A peek under the paint of Homer's work

You can almost taste the salt spray. It is a sea-air image of wonderful buoyancy, exhilaration, and compelling forward movement. It also may have been intended as a symbol of national promise.

Winslow Homer's abidingly popular painting was first exhibited in 1876 in New York, the same year that the American Centennial was being celebrated in the form of a fair in Philadelphia. Homer's title was "A Fair Wind." "Breezing Up" was added later. It was being used by 1879, evidently with the artist's approval.

Contrary to its appearance of immediate realization in oil paint, this painting took the artist some two or three years to complete. Art history quite often records paintings that look remarkably spontaneous but, in reality, took the painter a long time to finish - time in which struggles, doubts, and changes of mind occurred. Cézanne was notoriously, demandingly, slow.

When De Kooning was painting his iconic "Woman I," according to his biographers Mark Stevens and Annalyn Swan, he paced the floor of his studio "studying the image for long periods and then striding purposely forward with the brush, searching for the startlingly fresh image that would have the exclamatory 'of course' of an image painted in one quick surge of inspiration."

Matisse, whose works might seem, to viewers, to have arisen straight out of his head with an instantaneous simplicity, sometimes went through lengthy periods of anguish. When he painted his wife's portrait in 1913, they had to undergo more than 100 sittings.

Matisse's friend Marcel Sembat indicates the difficulties when he recorded in his diary a Saturday visit with Matisse during this time: "Crazy! weeping! By night he recites the Lord's Prayer! By day he quarrels with his wife!" Yet the final portrait is peculiarly tranquil.

Homer's painting likewise had to look unlabored, or the very spirit of the thing would have been compromised. Yet both infrared reflectogram investigation, and even to a degree the naked eye, show how the artist reconsidered several elements of the picture. At one stage, there had been two other boats in full sail in the distance. In the end, there was only one.

There also had been five rather than four figures in the foreground catboat. Homer eliminated the boy on the prow and replaced him with an anchor. The tiller and rudder had their position altered, and instead of the older man holding both sheet and tiller, the boy at stern steers the rudder.
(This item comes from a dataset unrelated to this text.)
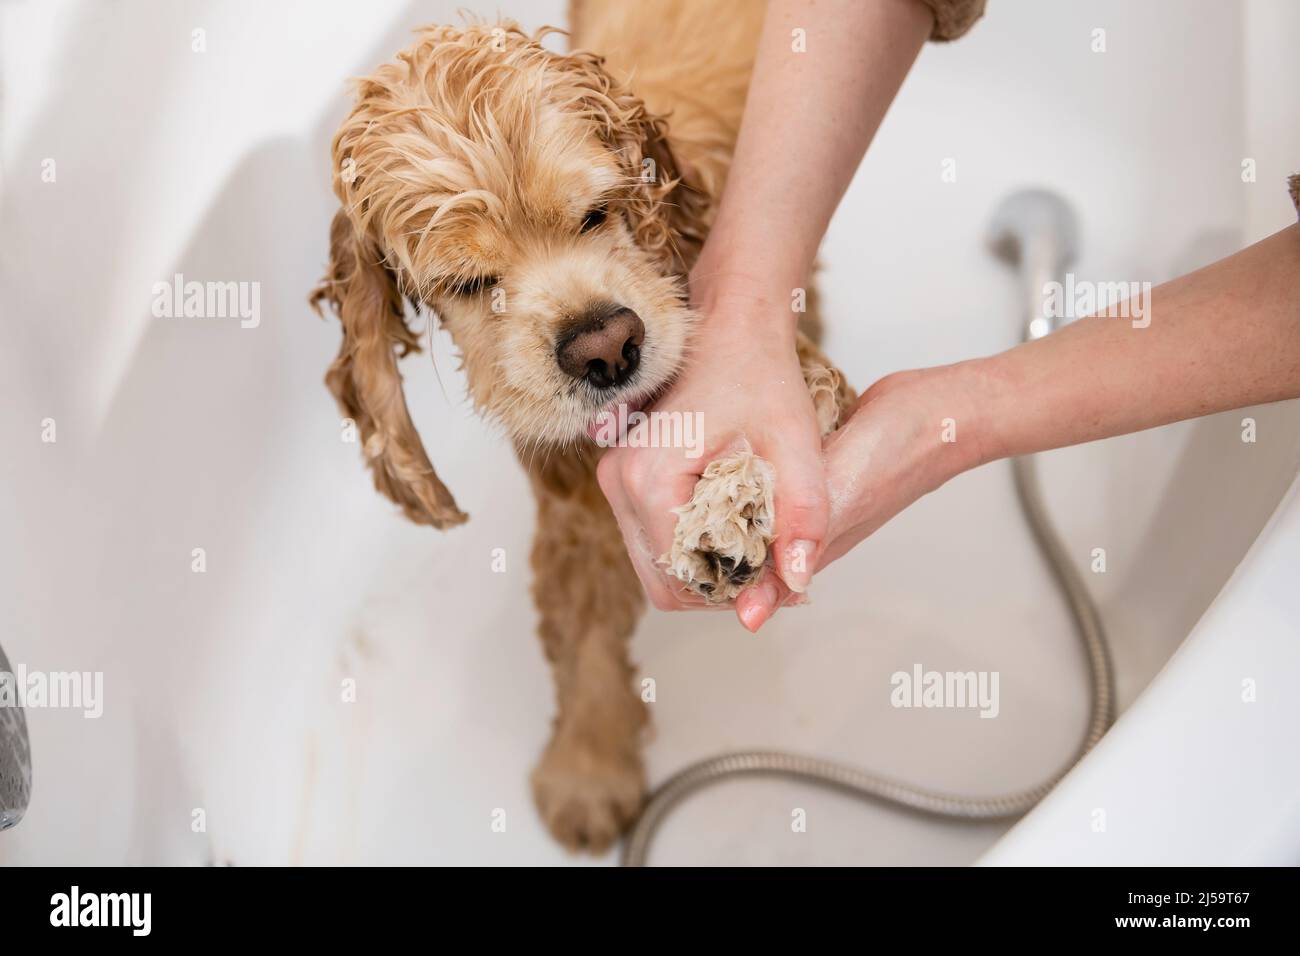 Afeitadora lavando las patas del perro en el baño. Vista en primera persona. Una mano femenina lava la pata de un spaniel con champú. Foto de stock

The original sketch from which "Breezing Up" derives is a masterly watercolor, a medium Homer had only recently taken up on his first visit to Gloucester, Mass. (Note the name of the boat.)

There are fascinating comparisons to be made between this quick study and the final oil painting. The horizon extends farther to the right in the final painting. Some commentators have seen this as giving it a new spatial balance influenced by Japanese art.

The scudding cloudscape in the oil is much more prominent than the light sky in the watercolor. The central boy, gazing into space, has his bare feet on a thwart in the watercolor. In the oil, there is no thwart - just a floundering catch. A large shadow is cast in the concavity of the sail, adding thrust and definition that's absent in the sketch.

An enthusiastic review of the picture appeared in the New York Sun on April 30, 1876, and it has been quoted in commentaries about the work ever since.

The writer referred admiringly to the figure of "The boatman's barefoot boy ... whose bright eye evidently sees such enormous horizons as he looks through the curl of spray...." But subsequent writers have taken this boy to be the one nearest to the viewer when it plainly must be the one in the middle. The nearest boy is indeed barefoot, too. And he also gazes at the horizon. But his head is turned away, and while his eye may well be "bright," this is speculation rather than observation because we can't actually see it.

However, the whole painting is bright, indeed - zestful and invigorating.

This painting is one of more than 50 by Homer in a special exhibition of his works from the collection of the National Gallery of Art, Washington, D.C. It continues there until Feb. 20.